Task requirements
Each record below needs to be written out exactly as it appears.

---------- Supplied records ----------

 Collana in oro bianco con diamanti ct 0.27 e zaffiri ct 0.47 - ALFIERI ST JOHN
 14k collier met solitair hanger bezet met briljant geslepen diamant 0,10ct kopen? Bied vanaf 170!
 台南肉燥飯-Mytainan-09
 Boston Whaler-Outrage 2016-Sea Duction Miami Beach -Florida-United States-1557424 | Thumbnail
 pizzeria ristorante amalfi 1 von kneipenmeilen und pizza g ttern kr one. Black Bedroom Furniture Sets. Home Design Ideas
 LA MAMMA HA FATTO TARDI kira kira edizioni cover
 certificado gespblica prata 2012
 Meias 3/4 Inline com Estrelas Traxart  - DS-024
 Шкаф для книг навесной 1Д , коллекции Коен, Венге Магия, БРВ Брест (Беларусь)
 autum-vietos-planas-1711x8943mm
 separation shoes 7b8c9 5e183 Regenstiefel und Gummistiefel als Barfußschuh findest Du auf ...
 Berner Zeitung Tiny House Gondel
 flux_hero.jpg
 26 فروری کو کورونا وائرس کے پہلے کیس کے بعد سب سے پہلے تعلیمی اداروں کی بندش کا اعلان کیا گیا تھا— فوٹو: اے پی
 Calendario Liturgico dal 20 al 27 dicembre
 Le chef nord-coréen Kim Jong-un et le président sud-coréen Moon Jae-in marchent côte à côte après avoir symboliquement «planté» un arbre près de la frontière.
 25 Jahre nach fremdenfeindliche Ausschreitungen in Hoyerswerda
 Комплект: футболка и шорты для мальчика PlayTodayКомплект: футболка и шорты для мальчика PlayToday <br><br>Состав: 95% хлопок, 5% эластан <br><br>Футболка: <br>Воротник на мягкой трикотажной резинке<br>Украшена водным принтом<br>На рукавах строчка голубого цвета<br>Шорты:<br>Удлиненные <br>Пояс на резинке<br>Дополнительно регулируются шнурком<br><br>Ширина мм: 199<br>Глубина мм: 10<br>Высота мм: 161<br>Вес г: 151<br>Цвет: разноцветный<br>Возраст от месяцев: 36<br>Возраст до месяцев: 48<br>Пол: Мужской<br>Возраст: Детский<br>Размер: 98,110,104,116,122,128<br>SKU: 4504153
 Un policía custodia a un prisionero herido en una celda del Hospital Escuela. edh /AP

----------

Result
 Collana in oro bianco con diamanti ct 0.27 e zaffiri ct 0.47 - ALFIERI ST JOHN
 14k collier met solitair hanger bezet met briljant geslepen diamant 0,10ct kopen? Bied vanaf 170!
 台南肉燥飯-Mytainan-09
 Boston Whaler-Outrage 2016-Sea Duction Miami Beach -Florida-United States-1557424 | Thumbnail
 pizzeria ristorante amalfi 1 von kneipenmeilen und pizza g ttern kr one. Black Bedroom Furniture Sets. Home Design Ideas
 LA MAMMA HA FATTO TARDI kira kira edizioni cover
 certificado gespblica prata 2012
 Meias 3/4 Inline com Estrelas Traxart  - DS-024
 Шкаф для книг навесной 1Д , коллекции Коен, Венге Магия, БРВ Брест (Беларусь)
 autum-vietos-planas-1711x8943mm
 separation shoes 7b8c9 5e183 Regenstiefel und Gummistiefel als Barfußschuh findest Du auf ...
 Berner Zeitung Tiny House Gondel
 flux_hero.jpg
 26 فروری کو کورونا وائرس کے پہلے کیس کے بعد سب سے پہلے تعلیمی اداروں کی بندش کا اعلان کیا گیا تھا— فوٹو: اے پی
 Calendario Liturgico dal 20 al 27 dicembre
 Le chef nord-coréen Kim Jong-un et le président sud-coréen Moon Jae-in marchent côte à côte après avoir symboliquement «planté» un arbre près de la frontière.
 25 Jahre nach fremdenfeindliche Ausschreitungen in Hoyerswerda
 Комплект: футболка и шорты для мальчика PlayTodayКомплект: футболка и шорты для мальчика PlayToday <br><br>Состав: 95% хлопок, 5% эластан <br><br>Футболка: <br>Воротник на мягкой трикотажной резинке<br>Украшена водным принтом<br>На рукавах строчка голубого цвета<br>Шорты:<br>Удлиненные <br>Пояс на резинке<br>Дополнительно регулируются шнурком<br><br>Ширина мм: 199<br>Глубина мм: 10<br>Высота мм: 161<br>Вес г: 151<br>Цвет: разноцветный<br>Возраст от месяцев: 36<br>Возраст до месяцев: 48<br>Пол: Мужской<br>Возраст: Детский<br>Размер: 98,110,104,116,122,128<br>SKU: 4504153
 Un policía custodia a un prisionero herido en una celda del Hospital Escuela. edh /AP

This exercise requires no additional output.